Rupture and Repair: Strengthening Family Bonds

My immediate and maternal extended family just got together for the largest holiday meal in years. People who hadn’t been able to attend due to family tension in decades past were back at the table. Another family member had almost moved out of state but had decided to stay close to us. I felt very grateful to have everyone at the same table and for the feeling of togetherness I hadn’t felt in a while. As I looked around the table, it struck me how many people had set their differences aside to eat together and celebrate the holidays. I never expected some individuals sitting at that table to be in the same room again.
I’ve been thinking a lot about my family lately. It’s often been said that we can’t choose the family we’re born into, blood is thicker than water, and if you’re familiar with the TV show The Middle, Frankie Heck will often retort when her kids are complaining about visiting their Aunt Edie, ” You do for family.” I’ve written before about the pitfalls of following this creed when the family member in question causes you harm. I have been thinking about how family represents what makes life worth living. I am referring to love and finding love within a community. Family is the first community we learn to exist within, for better or worse. Our identities, communication skills, etc., come from our interactions with our families of origin most often.
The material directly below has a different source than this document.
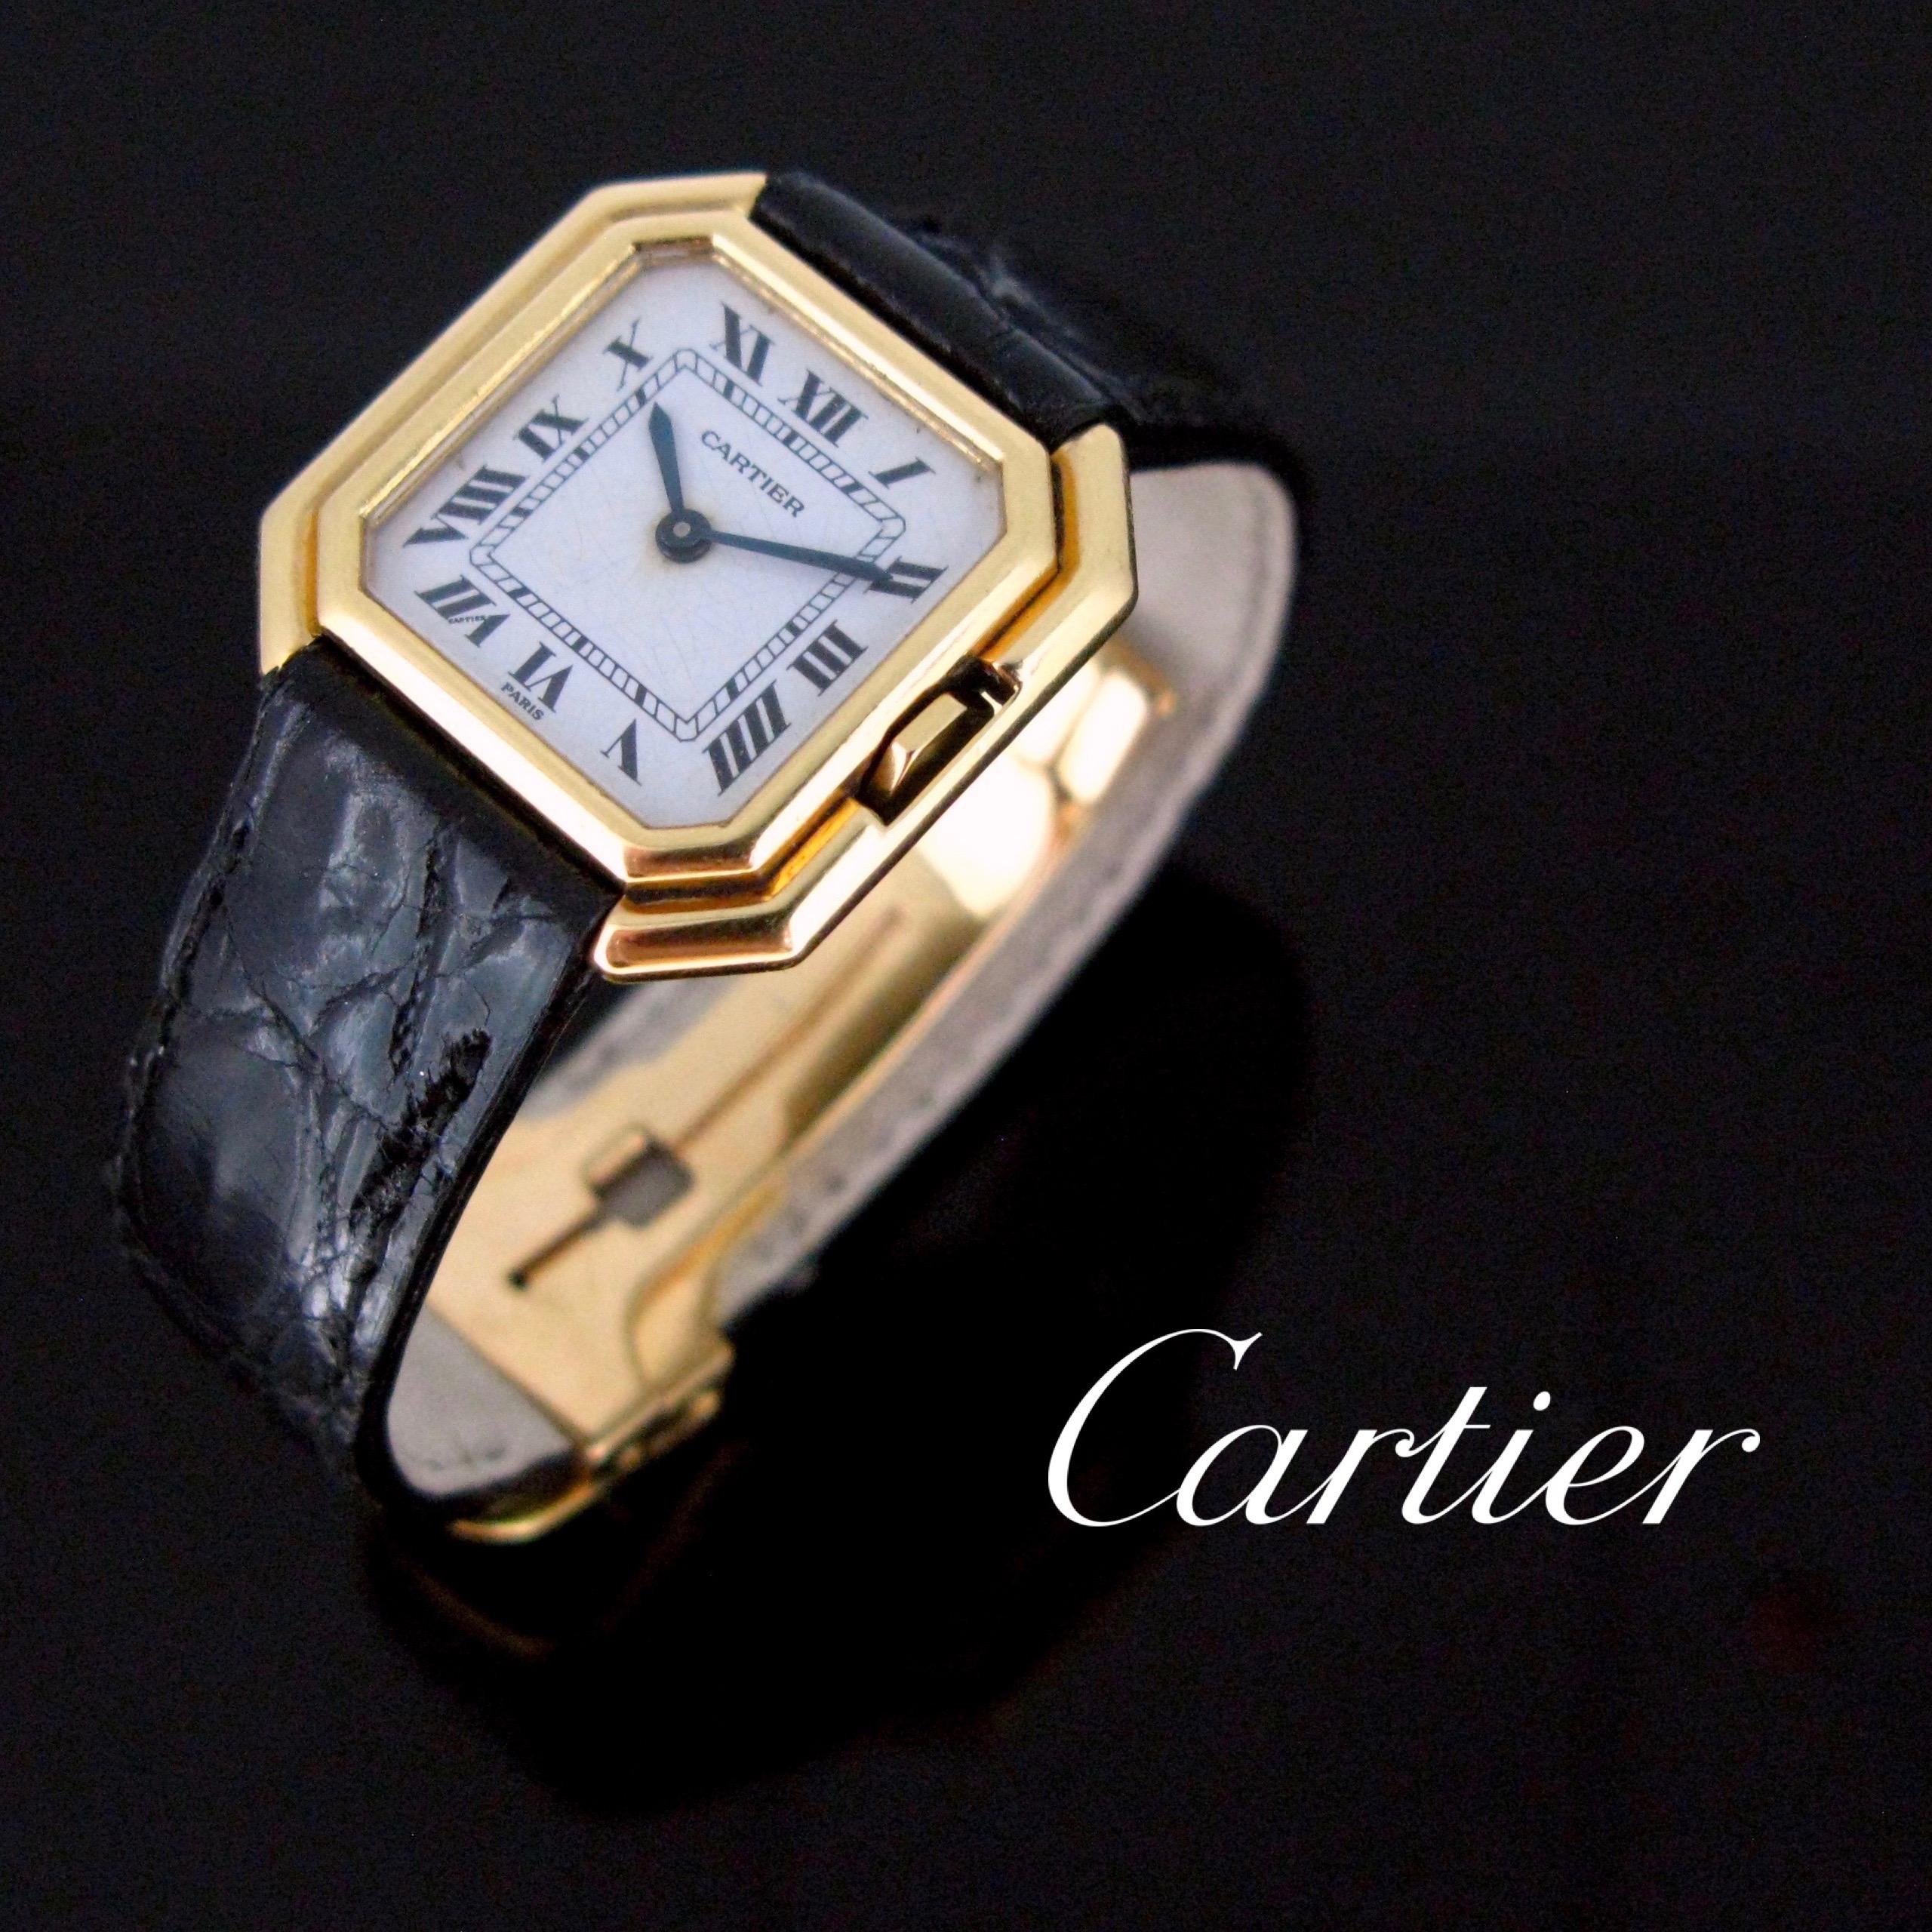 This Vintage Cartier wristwatch features an octagonal stepped case made in 18k gold case with a mechanical hidden crown. The Ceinture is set on a black leather deployment buckle. The model dates from the 70’s. It is in good
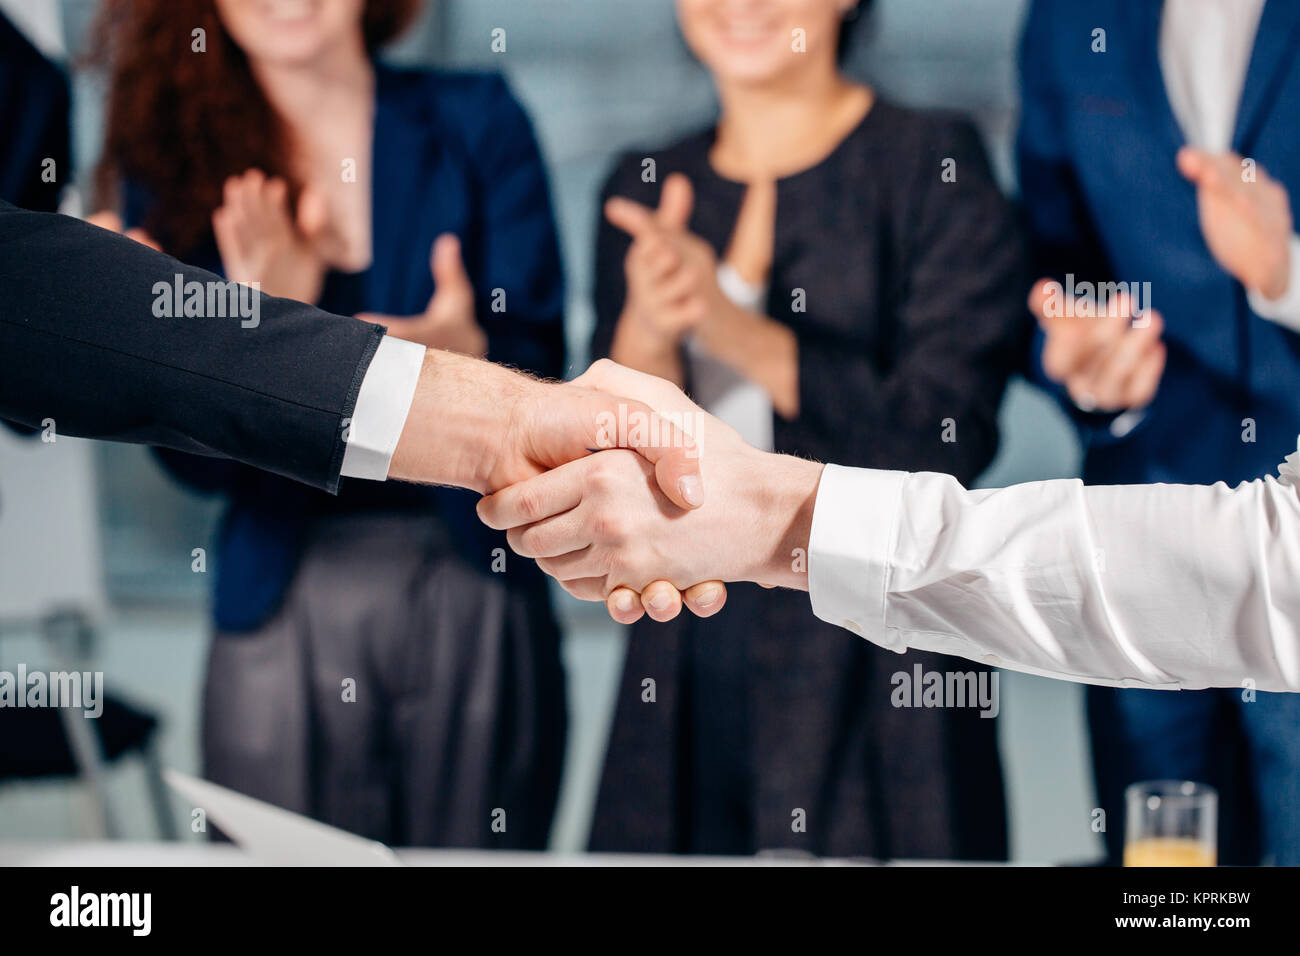 Business People Handshake Greeting Deal Concept Stock Photo

I have been reflecting specifically on how rupture and repair are frequently used in good, healthy families. Therapists might have their definition of rupture and repair, but in my mind, it means this. Two individuals have a rupture in their relationship, something that causes distress, harm, or damage. This is the rupture. The next step is recognizing that there has been a change in the relationship that either party doesn’t desire, and both individuals work to find ways to repair the relationship. Repair can involve apologizing, making a kind gesture, or spending quality time with the person. Growing up, ruptures in relationships were very distressing. When I didn’t see eye to eye with my parents, siblings, or another loved one, my world was thrown into turmoil. If we disagreed, how could we be close? What did this mean for my relationship with that person? I didn’t have the maturity to disagree with someone and not feel threatened by that.
Over time, my anxiety lessened when I disagreed with family members. The measure of a good family was the ability to navigate conflict and quickly arrive at a happy equilibrium, which is what I thought in my youth. After completing the rupture and repair process many times with different family members, I have come to a different conclusion. The desire to repair relationships when and where possible makes a family good and healthy. I had a conflict with a family member for a few months a few years ago. The days stretched one longer than the one before the other. I wanted the warm, loving connection we’d shared before the fissure had appeared in our relationship. I cried and cried. In my mind, I had tried everything to repair the damage, but nothing had worked. After two months, I cried uncle. I had been high on self-righteousness and convinced of my moral superiority in the matter at hand. All of that was hollow. I called my loved one and asked if we could meet for a meal. We exchanged apologies over a few hours, leaving the restaurant in a much better place. This relationship has continued to improve.
This holiday season, if there are relationships that can be mended, I hope we will endeavor to do so. Hope and empathy are vital for survival.